Once you have determined your
network’s name resolution requirements and designed your DNS namespace,
it is time to actually implement the name resolution services by
installing and configuring servers. Toward this end, you must first
decide how many servers you need and where you are going to locate them,
and then determine how you are going to configure the servers.
How Many DNS Servers?
A Windows Server
2003 DNS server running on a computer with a 700 MHz Pentium III
processor can handle up to 10,000 name resolution queries per second, so
in most instances, private networks use multiple DNS servers for
reasons other than a heavy client load. Some other reasons for deploying
multiple DNS servers on your network are as follows:
Providing redundancy
For a network that relies heavily on DNS name resolution, having a
single DNS server means having a single point of failure. You should
plan to deploy a sufficient number of DNS servers so that at least two
copies of every zone are always online.
Improving performance
For a DNS client, the combination of a nearby DNS server and a reduced
traffic load on that server means improved name resolution performance.
Balancing traffic load
Even when a single server is capable of handling the name resolution
requests for your entire network, the network might not be up to the
task. Having all the network’s DNS traffic converge on a single subnet
can overload the LAN and slow down the name resolution process, as well
as interfere with the other computers sharing the network. Deploying
multiple servers on different subnets enables you to balance the DNS
traffic between them and avoid creating bottlenecks.
Reducing WAN traffic
When your network consists of LANs at multiple sites, connected by
multiple wide area network (WAN) links, it is usually best to have a DNS
server at each site. WAN links are relatively slow compared to LAN
connections, and their bandwidth can be quite expensive. Having a DNS
server at each site prevents name resolution traffic from monopolizing
the WAN connections. This practice also prevents router or WAN
connection failures from interrupting name resolution services.
Delegating authority In
a large organization, it might be impractical for a single
administrative team to maintain the DNS namespace for the entire
enterprise. It is often more efficient to split the namespace into
several domains and have the administrative staff in each department,
division, or office location maintain their own DNS resource records.
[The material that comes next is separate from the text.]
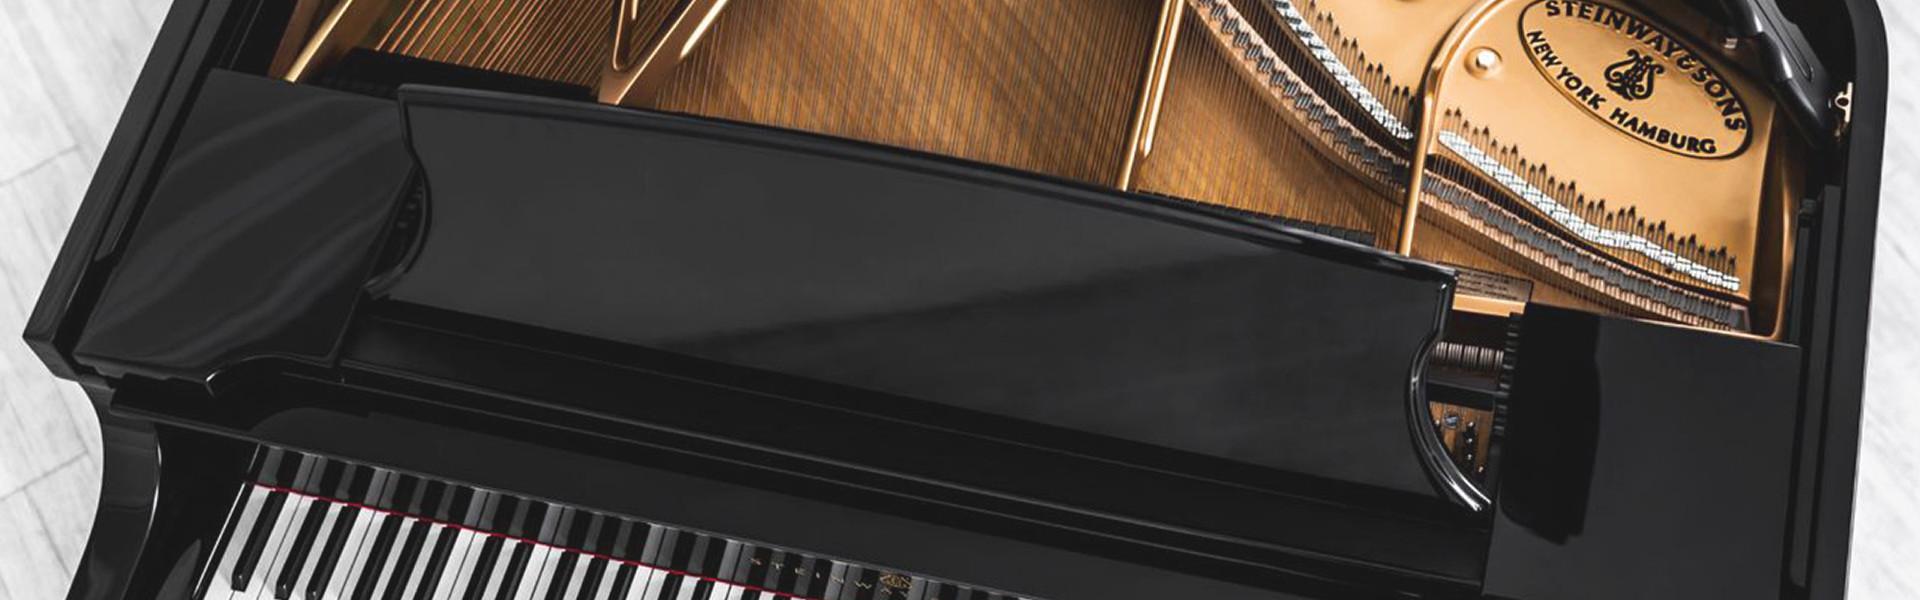 portland-piano-repair-and-restoration-from-michelles-piano-in-portland-oregon-repair-pic1

While it is not essential that you allocate a separate DNS server to
each domain, circumstances usually dictate this setup.
Supporting Active Directory
The Active Directory directory service relies heavily on DNS. Active
Directory clients use DNS to locate domain controllers and browse the
network. You should deploy enough DNS servers to support the needs of
Active Directory and its clients.
You should consider
all these factors when deciding how many DNS servers you need, and when
balancing them against factors such as hardware and software costs and
the administrative burden of running multiple servers.
Understanding DNS Server Types
You can deploy Windows
Server 2003 DNS servers in a number of different configurations,
depending on your infrastructure design and your users’ needs.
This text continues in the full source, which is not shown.